The onset of the winter season finds the Muskegon river in a state of change, as colder weather patterns comes through the Midwest and bring water temperatures down in all rivers throughout the region.  With the Muskegon river being the southernmost “big” river in Michigan that gets a strong Salmon and Steelhead run, it’s the last to feel the affects of mother nature and fishes good-very good, right up to and through, the end of the month.  Early December will find water temperature going from the low 40’s down to the mid 30’s and as a result, the metabolism of fish changes and they simply feed less aggressively.  The lake run Brown trout that start to come in on their annual spawning run continue to show themselves in December and on any given day, one could have a shot at a tropy lake Michigan Brown trout.  Resident Rainbow and Brown trout are still actively feeding and best pursued with lighter rods, small nymphs and light tippet.  Average daytime temperature ranges from mid teens to mid 30’s.

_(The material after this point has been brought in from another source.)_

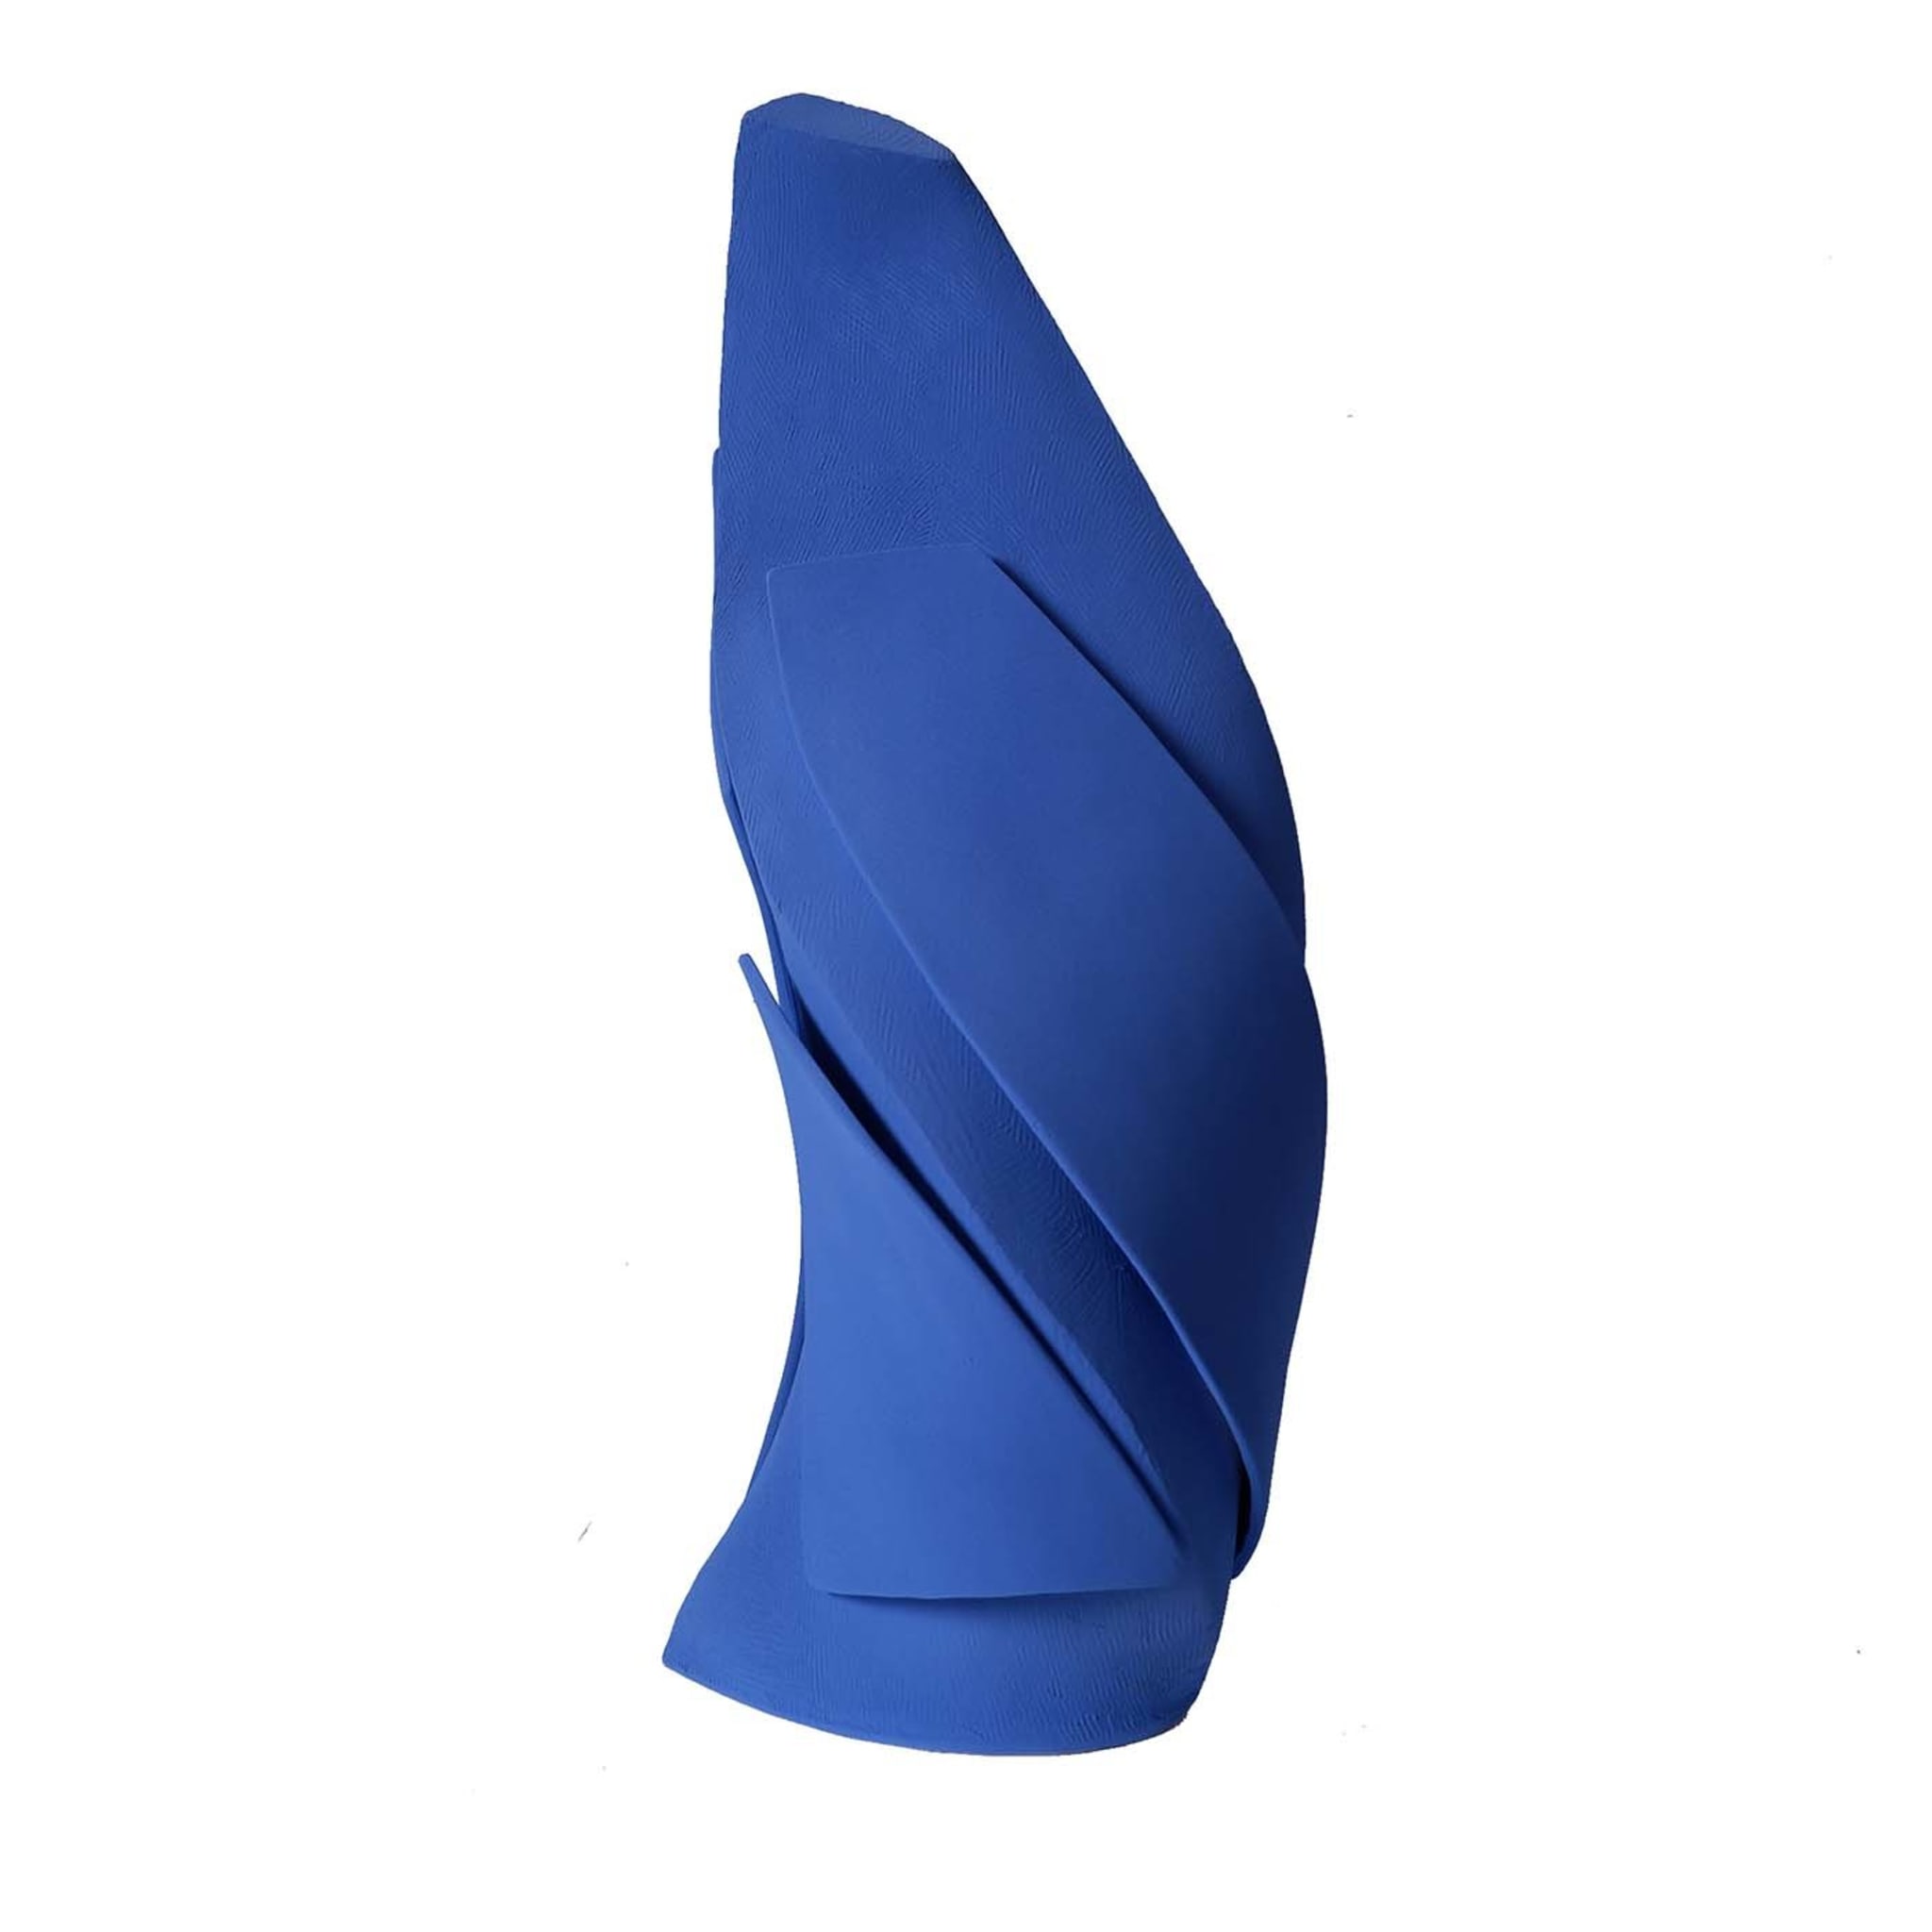 Blue Demeter Vase #1 - Main view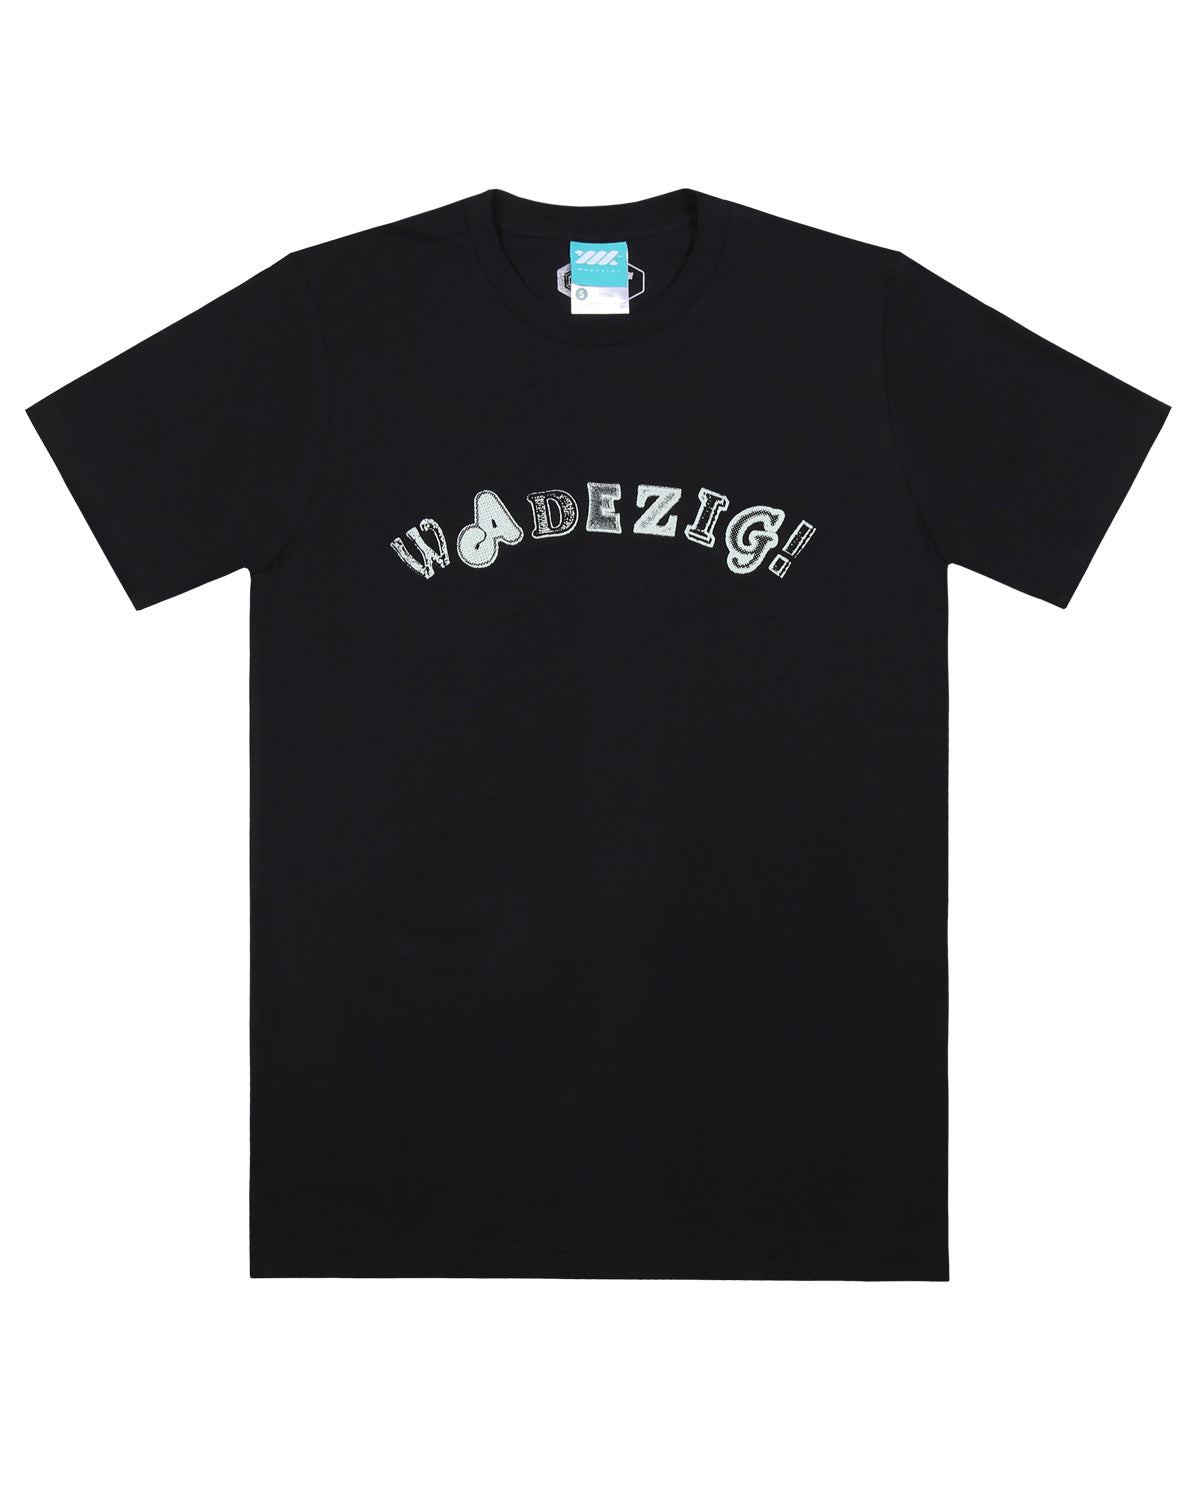 Wadezig! T-Shirt -Ransom Black Tees

Typically the coldest month of the year here in Michigan, January finds water temps dropping and fish seeking out soft/slow current water that’s also near good food sources.  Resident Rainbow and Brown trout are feeding on small nymphs & larva and often fished with nymphing rigs.   Steelhead that are wintering over in the river and lake run Brown Trout that are on their way back to lake Michigan after having spawned in late November and December, are big game fish available to us as well.  Average daytime temperatures range from the low teens to near 30 degrees.


Our “transition” month for both rivers and fish.  Early to mid February can be the first signs of “spring”, with the trickle of Steelhead coming in fresh from lake Michigan, shoreline wildlife activity picking up and the emergence of our early Black Stone fly.  Both resident trout and migratory steelhead key in on this hatch, which can be massive at times, with literally thousands of bugs floating by while wiggling their way to the surface or shore to emerge.   Warm, sunny days trigger this and the days following can be quite productive fishing this nymph pattern for both resident trout and Steelhead.  Average daytime temperatures range from the low teens to low 30’s.